Oct 15 2007 by David Higgerson, Liverpool Daily Post
70 people denied drugs in Merseyside
THE Conservatives last night vowed to end the postcode lottery which has led to more than 70 people in Merseyside and Cheshire being denied drugs which could have greatly enhanced or even saved their lives.
Cheshire MP Stephen O’Brien, the shadow minister for health, pledged early action to ensure that people who were recommended for treatments by their consultants or GPs, got it.
He said a Daily Post investigation last week, which revealed more than 70 cases where Primary Care Trusts had refused to sanction treatments for a variety of illnesses including cancers, proved that the current system was not working.

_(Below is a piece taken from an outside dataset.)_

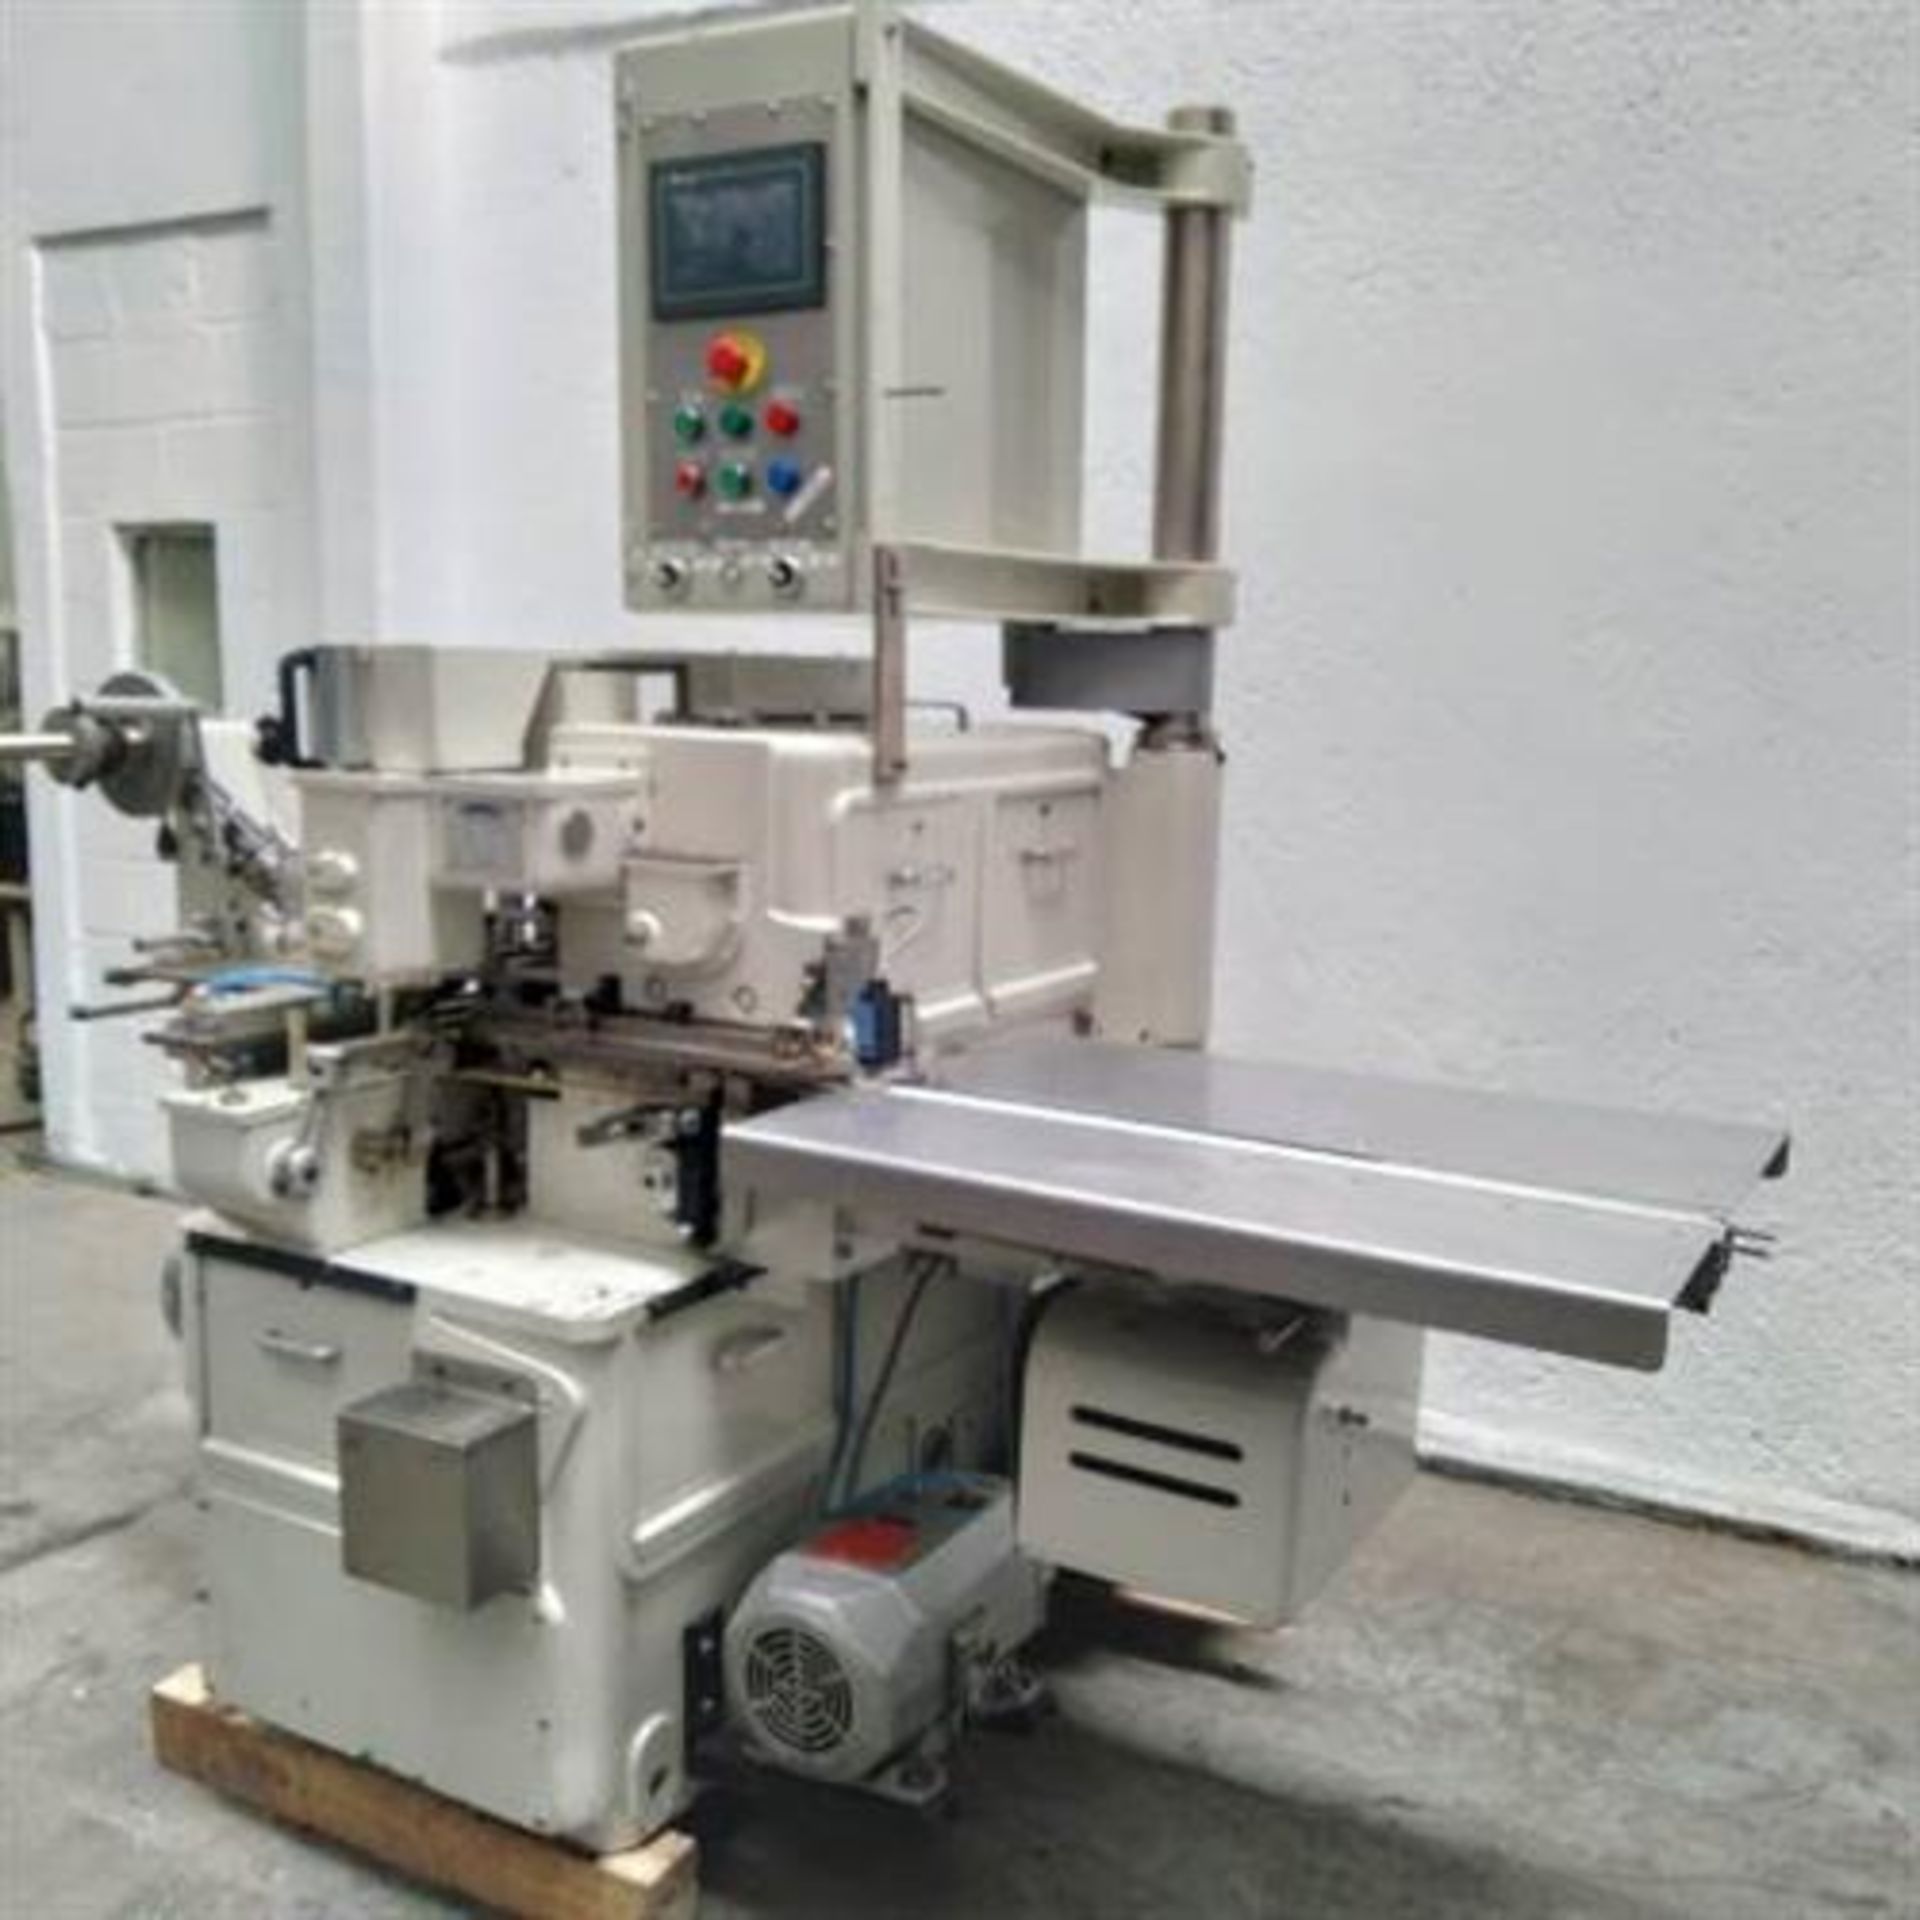 Sapal model Bi-b Die Fold Wrapper - Serial number 10911/1988 - Built new in 1988 - Set for a piece - Image 2 of 8
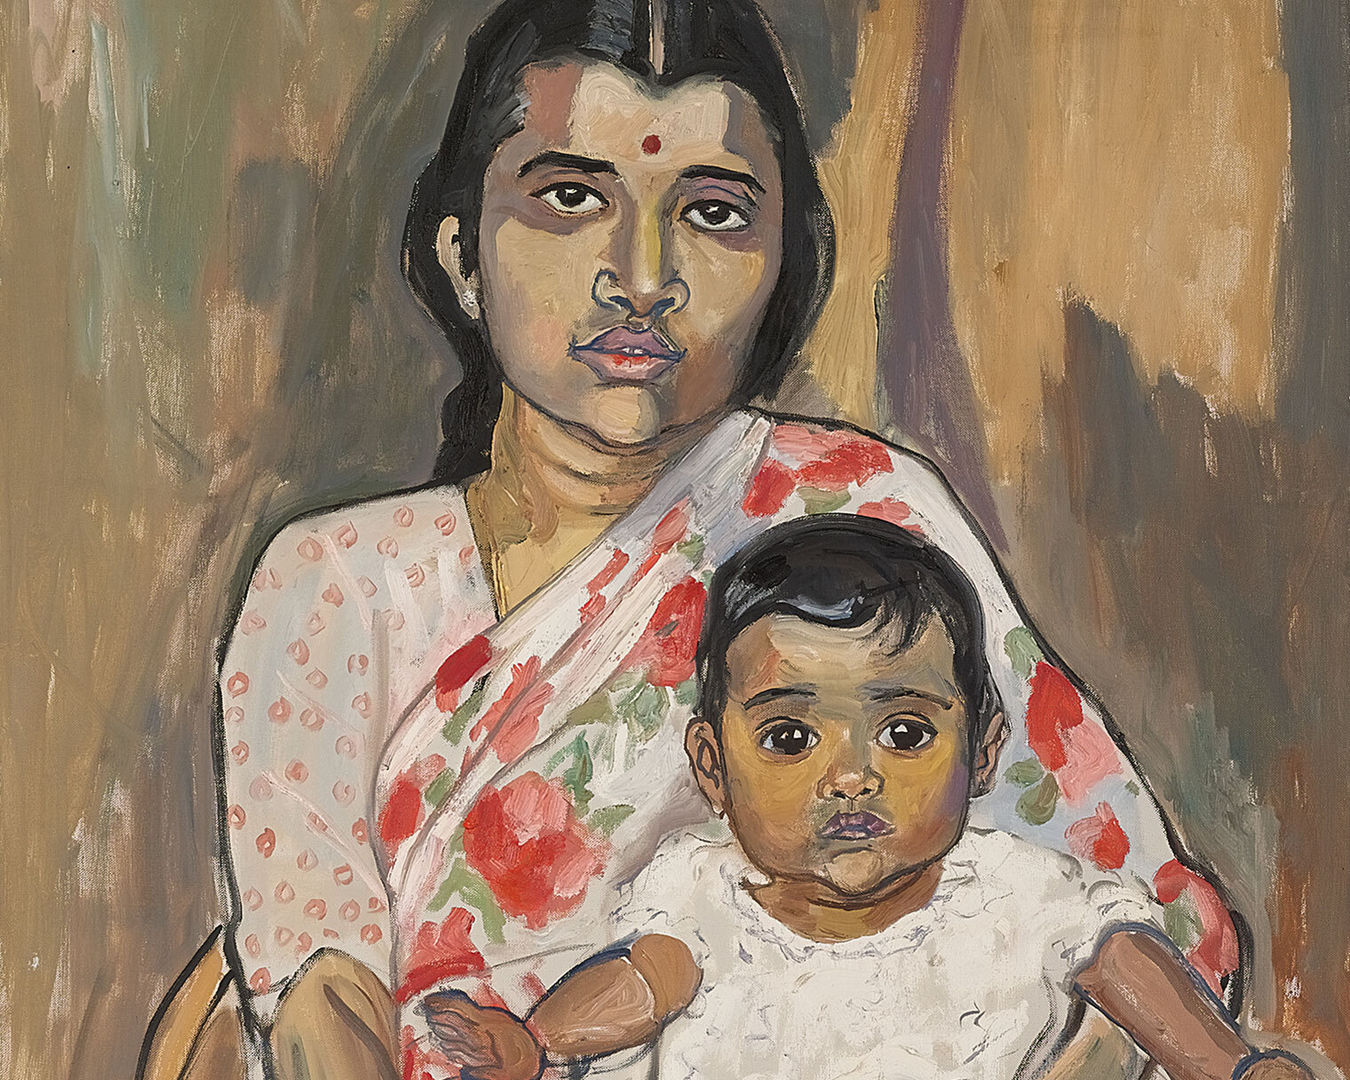 A painting of an Indian woman wearing a sari and holding a child

Currently, PCTs are not compelled to agree to drug treatments which, although licensed in the UK, have not been approved by the National Institute for Clinical and Health Excellence (NICE). In the meantime, PCTs decide for themselves whether to prescribe a drug, and the result is that a treatment may be approved in one part of the country but denied in another.
Eddisbury MP Mr O’Brien said: “I share the concerns of people from across the region about the postcode lottery.
“We will take early action to tackle these injustices and inconsistency in the way drugs are prescribed by health trusts.
“Conservatives will streamline NICE by putting it on a statutory basis. We will also allow NICE to begin the assessment of drugs as licensing begins, so in the majority of cases by the time the drug has a licence it will also have a NICE appraisal.”
The Department for Health has continued to support NICE, saying it sometimes “has to make tough decisions.”
Among those backing reform of the NICE system is 70-year-old Frank Buckle, who managed to get Sutent, a drug yet to approved by NICE, to tackle kidney cancer via a trial at Christies Hospital in Manchester.
The Daily Post revealed last week how Sutent was among the drugs Merseyside PCTs had refused to prescribe.
Mr Buckle, of Southport, said: “It is totally wrong that I can be living proof that a drug such as Sutent works, but bureaucrats can still be allowed to refuse it.”